Wednesday, January 12, 2010
Ninth Circuit Rejects Suit Against Police Over Taser Use
By STEVEN M. ELLIS, Staff Writer
Police officers responding to a 14-year-old girl’s 911 call reporting domestic violence against her mother did not use excessive force when they deployed a Taser against the alleged victim to get past her to arrest her husband, the Ninth U.S. Circuit Court of Appeals ruled yesterday.
A three-judge panel ruled that officers did not violate a Hawaii woman’s civil rights given the dangerous nature of domestic violence situations, the close quarters, the woman’s husband’s intoxicated state and her inadvertent physical contact with an officer.
The officers used the Taser on Jayzel Mattos during the 2006 incident in Maui County after her palms touched Officer Ryan Aikala’s chest while she stood between him and Troy Mattos, who officers were trying to apprehend.
Jayzel Mattos’s daughter told a 911 dispatcher that her mother and Troy Mattos were engaged in a physical altercation and that things were being thrown around. Officers responding said Troy Mattos—six-foot-three-inches tall and weighing approximately 200 pounds—was intoxicated and began yelling profanities when they entered the residence to check on the alleged victim.
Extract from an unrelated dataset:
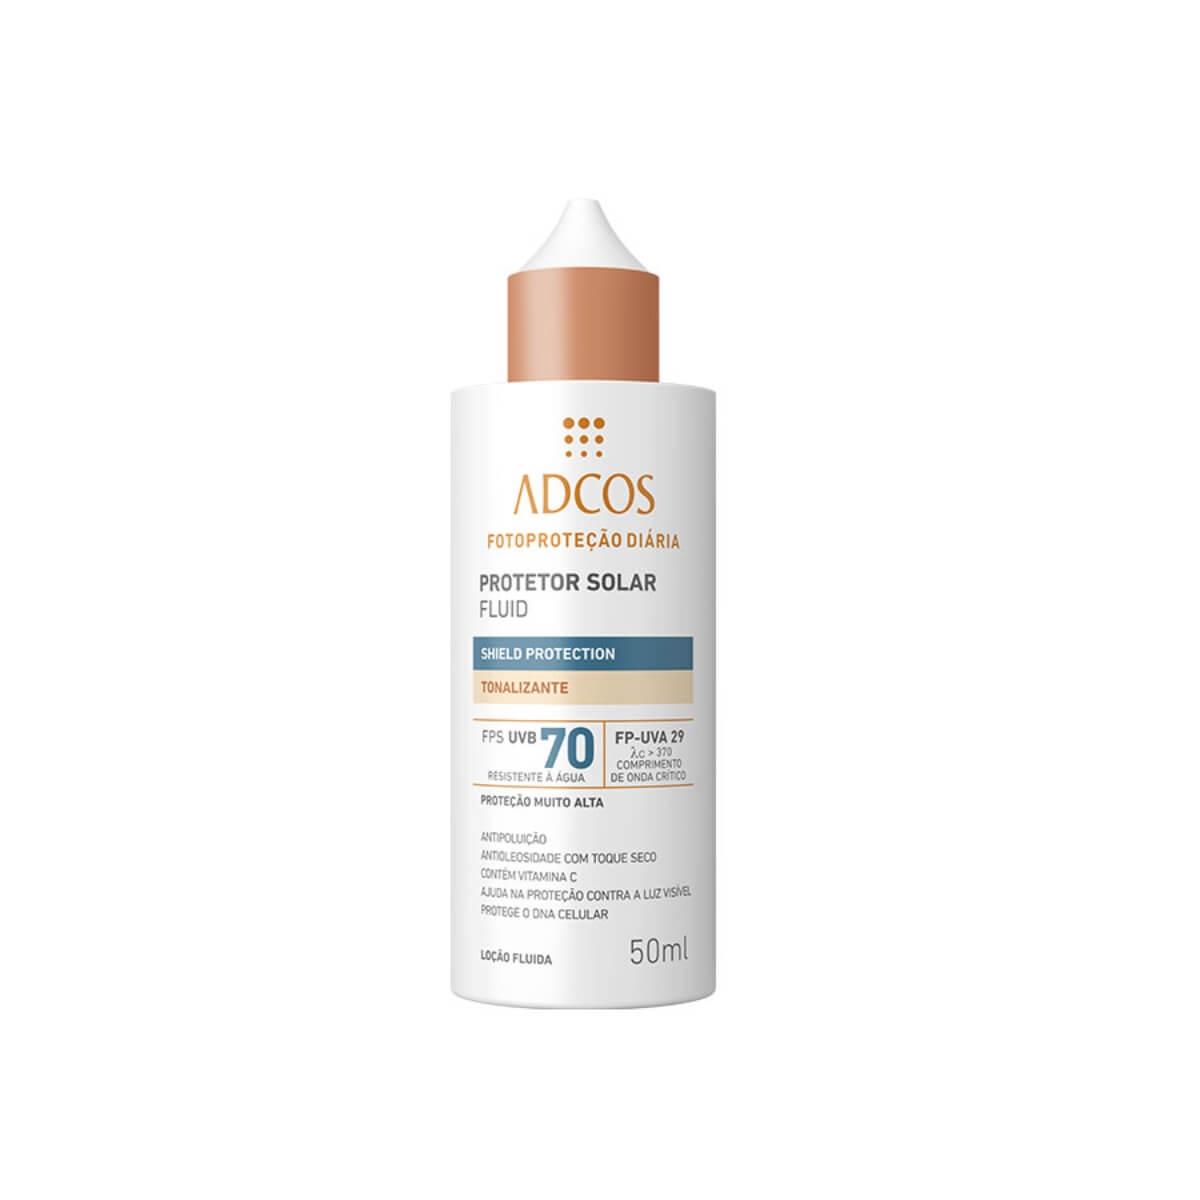 Protetor Solar Facial Adcos Fluido Tonalizante Shield Protection FPS70 50ml

The Mattoses filed a federal civil rights suit over the warrantless entry and arrests, and Jayzel Mattos brought a claim over the Taser use. She said she was only attempting to ask officers and her husband to calm down and not disturb the children when she was hit with a five-second burst from the Taser.
U.S. District Judge David A. Ezra of the District of Hawaii granted summary judgment to the officers, but ruled that there were questions of fact material to deciding whether the use of the Taser was constitutionally reasonable.
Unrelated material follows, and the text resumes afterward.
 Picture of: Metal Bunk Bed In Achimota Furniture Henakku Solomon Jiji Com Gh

The officers appealed, and a three-judge panel in a per curiam opinion said that the officers were entitled to qualified immunity because the government’s interest in law enforcement officer safety outweighed the intrusion on Jayzel Mattos’ right to be secure in her person.
“Even though we find that use of a Taser represents a serious intrusion on interests protected by the Fourth Amendment, we recognize that in responding to a domestic violence call, the officers confronted a dangerous and volatile situation,” the judges said.
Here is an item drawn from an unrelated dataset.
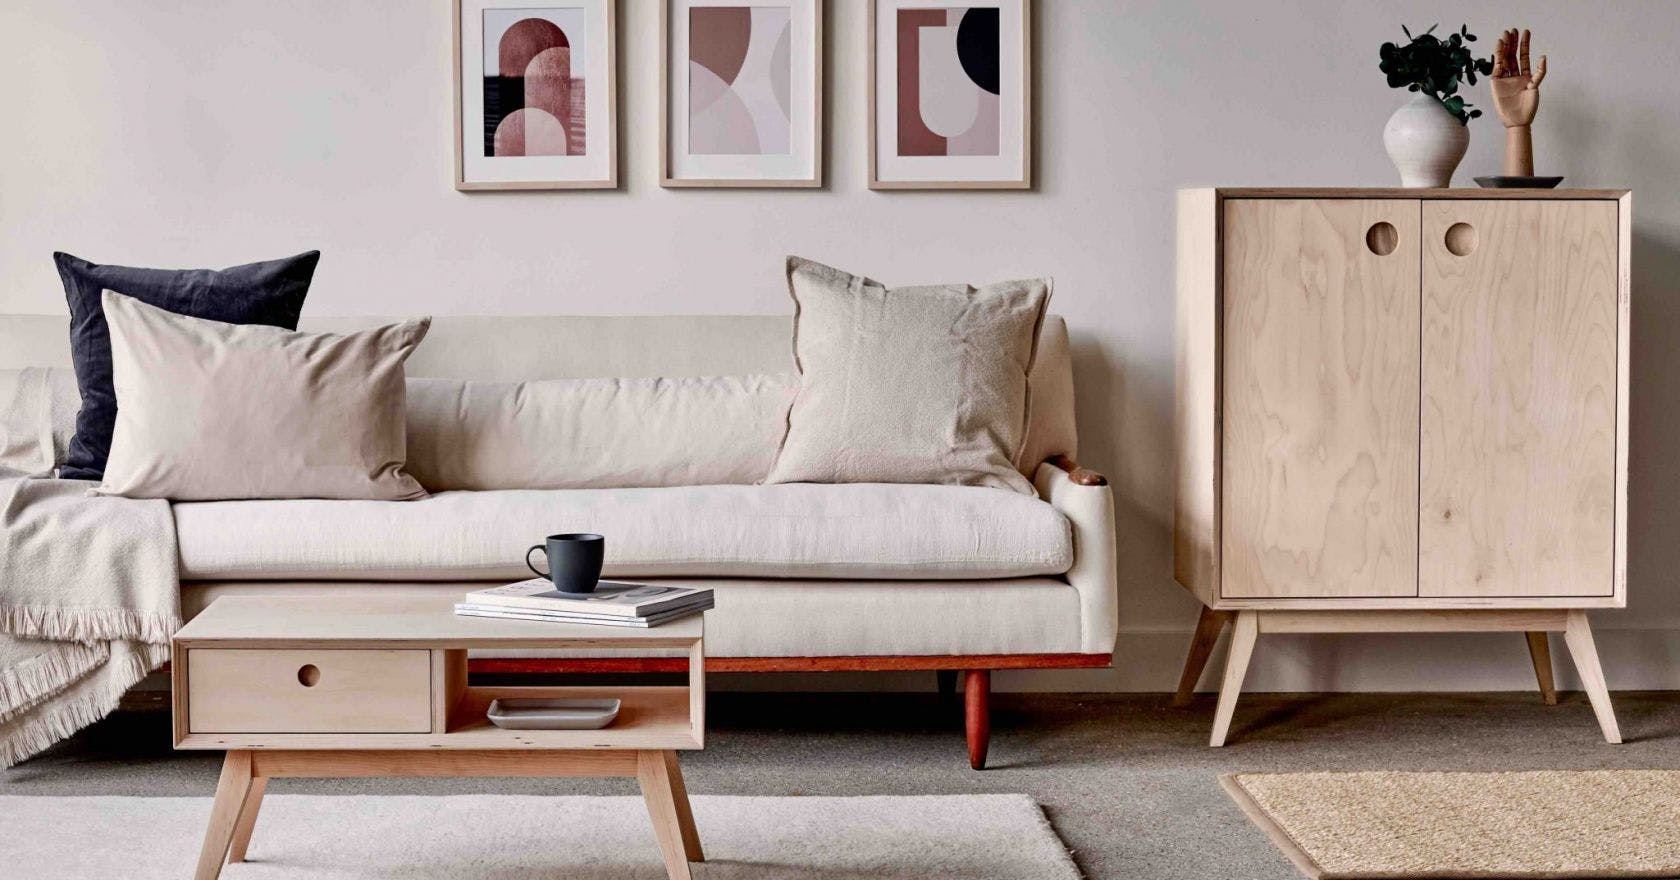 urbansize living room london ply range landscape low res 1680x880

“When an intoxicated Troy began yelling profanities at the officers and demanding that they leave, the officers felt the need to arrest him to finish their investigation and diffuse the situation. Because Jayzel interfered with Troy’s arrest and, in doing so, made contact with Aikala, Aikala was justified in removing her from Troy’s side. Although an alternative method of force may have been advisable, the Fourth Amendment does not require an officer to use the minimum amount of force necessary to move Jayzel and arrest Troy.”
The panel opined that it would not have been clear to a reasonable officer in 2006 that use of a Taser in such a situation was constitutionally impermissible, noting that neither the Ninth Circuit nor the U.S. Supreme Court had decided an excessive force case involving use of a Taser at that point.
Examining recent decisions by the Ninth and Eleventh circuits, the judges also said the officers’ conduct was not so patently violative of Mattos’s constitutional rights that a reasonable official would know the actions were unconstitutional without court guidance, noting:
“The officers used the Taser only once in a domestic violence situation that could have quickly become much more dangerous to everyone involved.”
The panel was composed of Chief Judge Alex Kozinski and Judges Jay S. Bybee and Consuelo M. Callahan.
The case is Mattos v. Agarano, 08-15567.